Charalampos Efstathopoulos

4. A New Leadership, 2004–5

SMPs are status-seeking actors, striving to enhance their international recognition and prestige as good international citizens. While it is important to identify the range of strategies that SMPs deploy to attain such status, it is equally important to examine the approaches that these states adopt after they have attained their desired status. Securing greater status will propel SMPs to adopt a more accommodative stance and cooperate with major powers to resolve differences over the negotiations. Through their enhanced status, SMPs will have an opportunity to directly influence negotiating outcomes and secure the stability of the system that is their fundamental goal. They are therefore unlikely to antagonise major players, especially if the latter are responsive to their preferences. SMPs may experience, however, the reverse situation and fail to strengthen or even retain their status, witnessing an erosion of influence. Loss of status will force SMPs to retreat to a Southern focus in their diplomacy in order to revitalise their primary basis of influence — which is their Southern leadership. Despite differing levels of success, these patterns of status-seeking behaviour reveal that SMPs are not altruistic agents, but they are aware of how prestige comprises their foremost asset in international politics and formulate their strategies with the aim of projecting their good international citizenship.

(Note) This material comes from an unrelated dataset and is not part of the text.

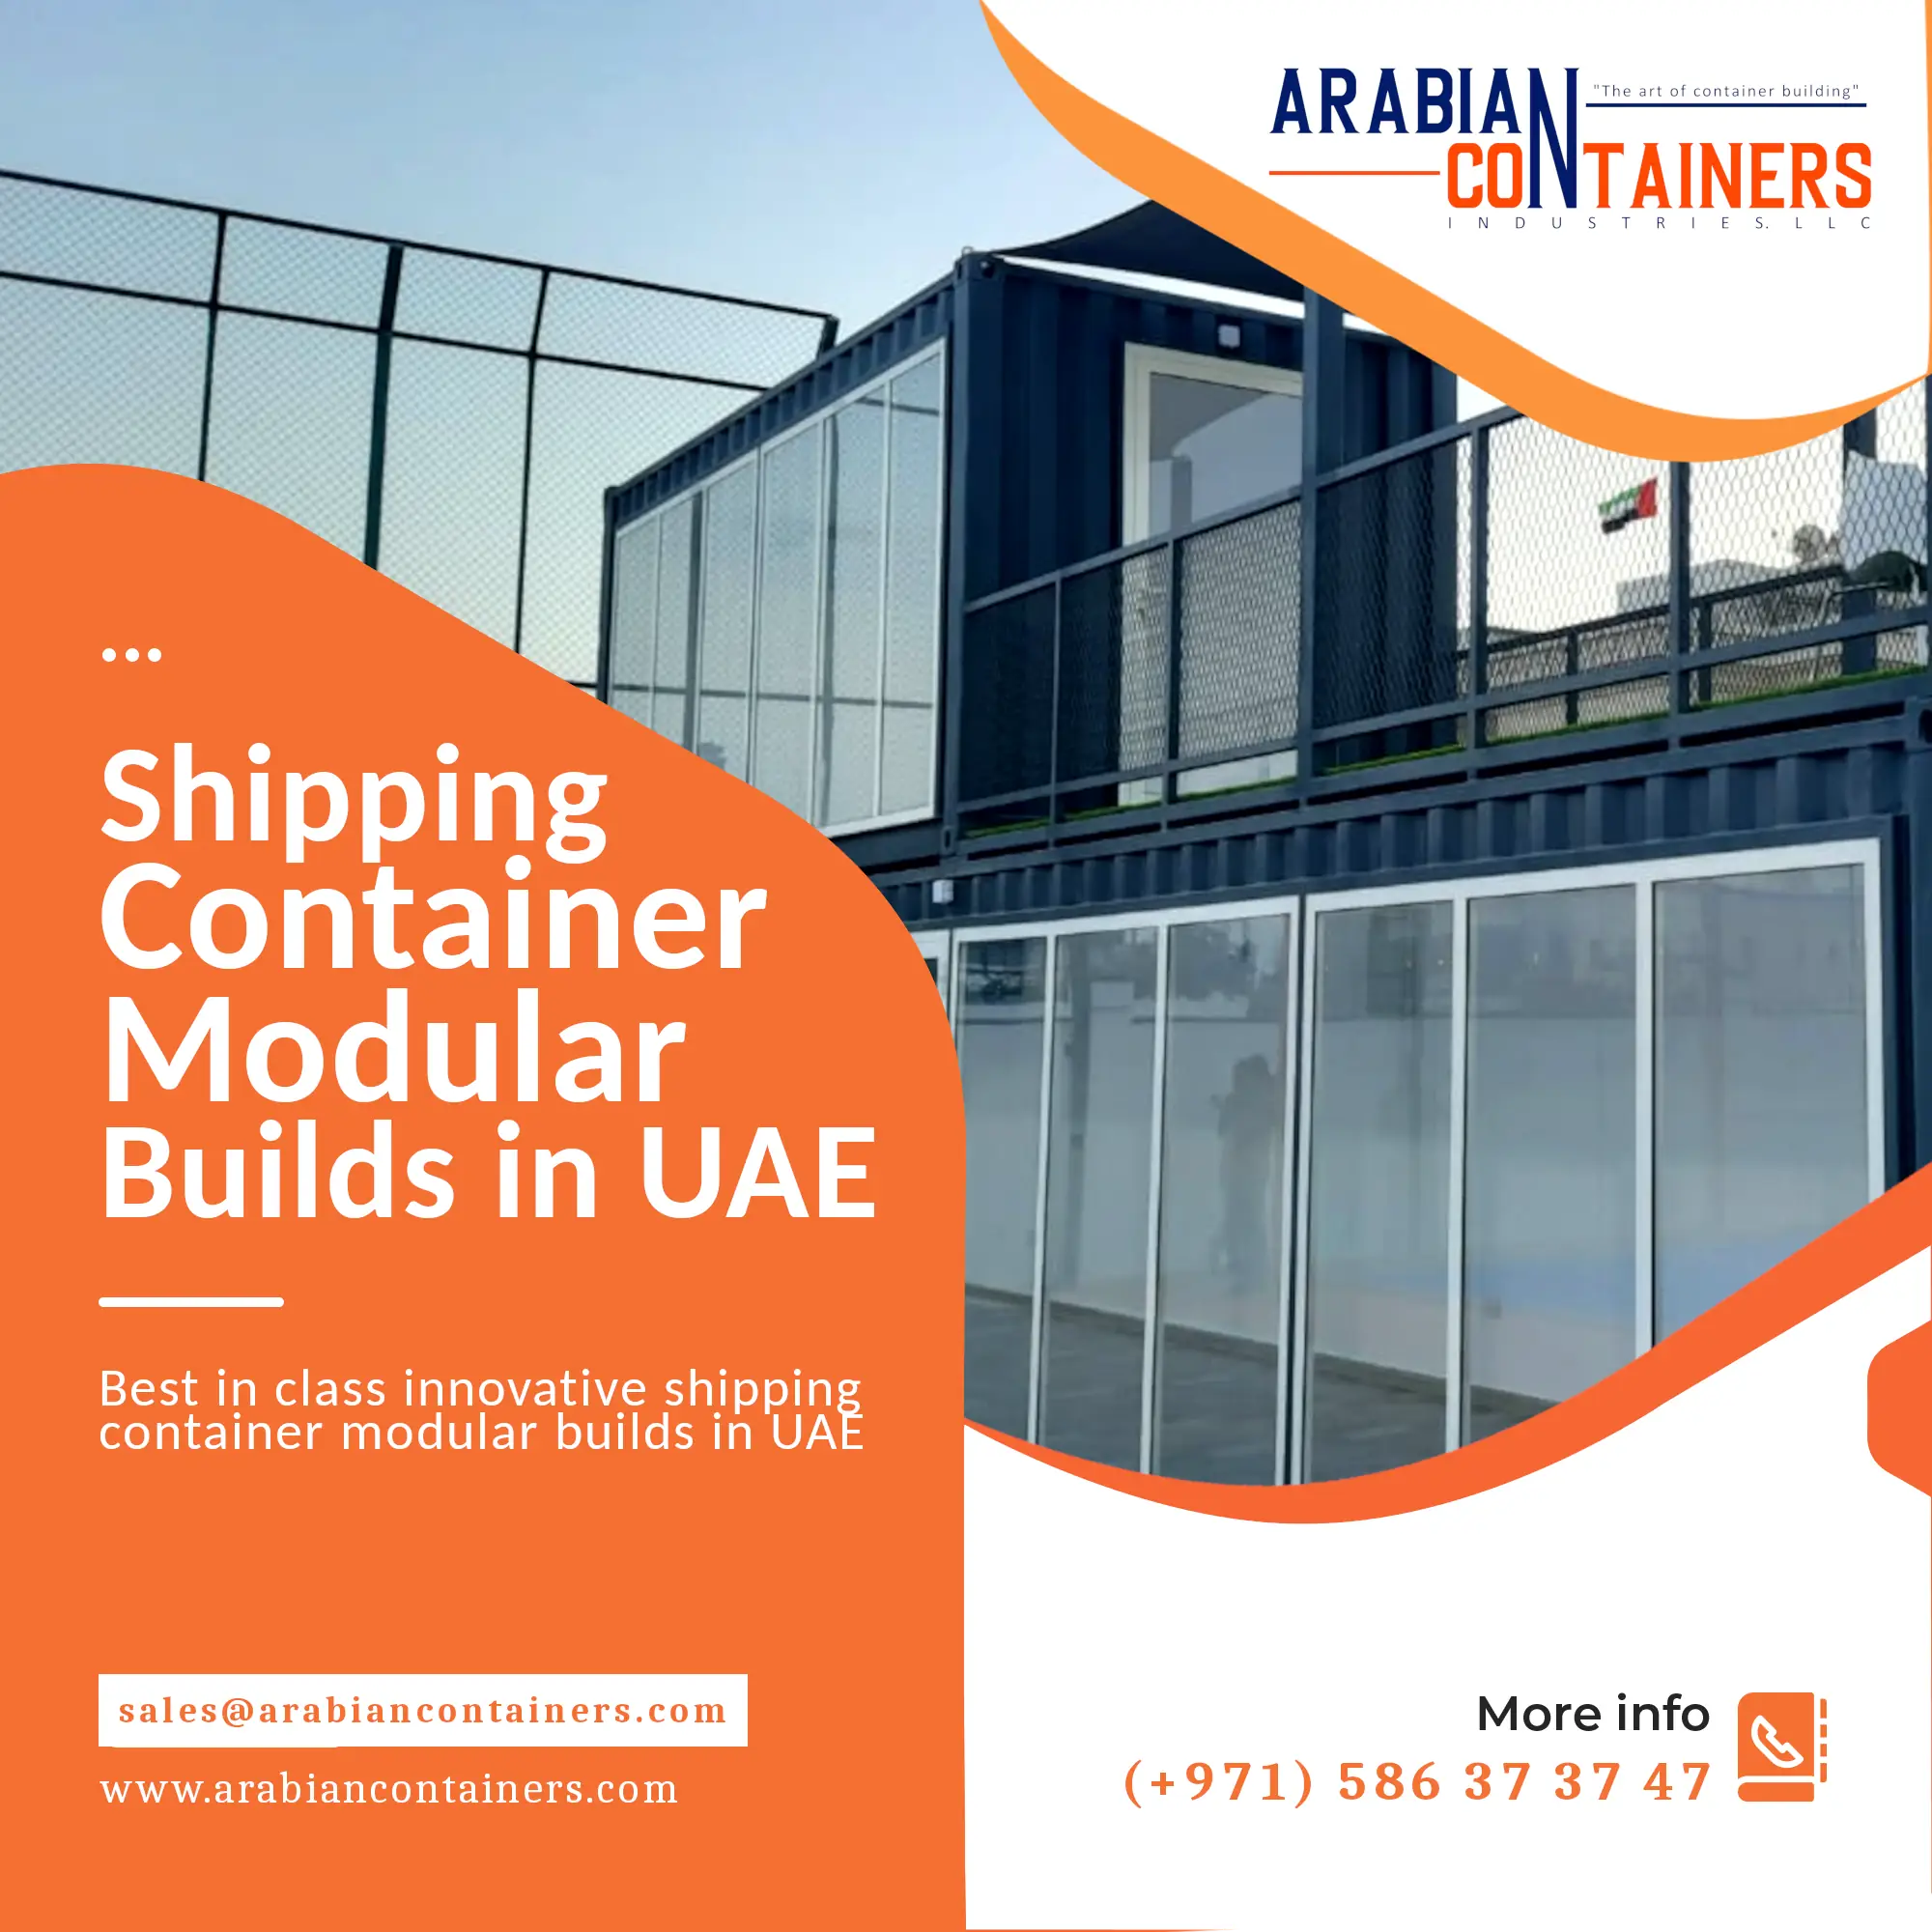 Modular Building Solutions: The Future of Construction Technology in UAE

Charalampos Efstathopoulos

5. The Informal Phase and Crisis Management, 2006–13

SMPs are willing to maximise their status in international institutions, but such efforts require a formalised setting. When negotiations are conducted on an informal level and are limited to the key players, the space for middle power diplomacy shrinks considerably. In contrast to major powers that often favour such forms of brinkmanship and great power politics, SMPs will be unable to resort to their preferred coalitionbuilding or openly display their status as good international citizens. As a result, they may adopt a less conciliatory stance or strive to bring negotiations back to a more open and multilateral process. While excessive informality will undermine middle power agency, a broader sense of crisis will propel SMPs to provide leadership in revitalising institutions that are deadlocked. During periods of crisis in the global economy, SMPs will take diplomatic initiatives to defend institutions and existing agendas and will attempt to initiate new approaches to building consensus. In this respect, SMPs may demonstrate a greater commitment to multilateralism compared to major powers that may seek alternative paths, such as regional and plurilateral deals, to promote their preferences. At critical moments, and when the legitimacy of key institutions is at stake, SMPs will seek to compromise and diffuse crises against the preferences of both major and smaller powers.

Charalampos Efstathopoulos

6. Southern Middle Powers in Comparative Perspective

The Doha round provides important insights into the role of Southern middle powers (SMPs) in global economic governance. This book has demonstrated that the multilateral diplomacy of SMPs in the WTO is determined by three principal factors: the agenda of reform internationalism that informs their foreign policy, the structural leadership provided by major powers and the degree of their followership in the global South. This section provides a detailed examination of these propositions and identifies the key commonalities and differences between the two case studies.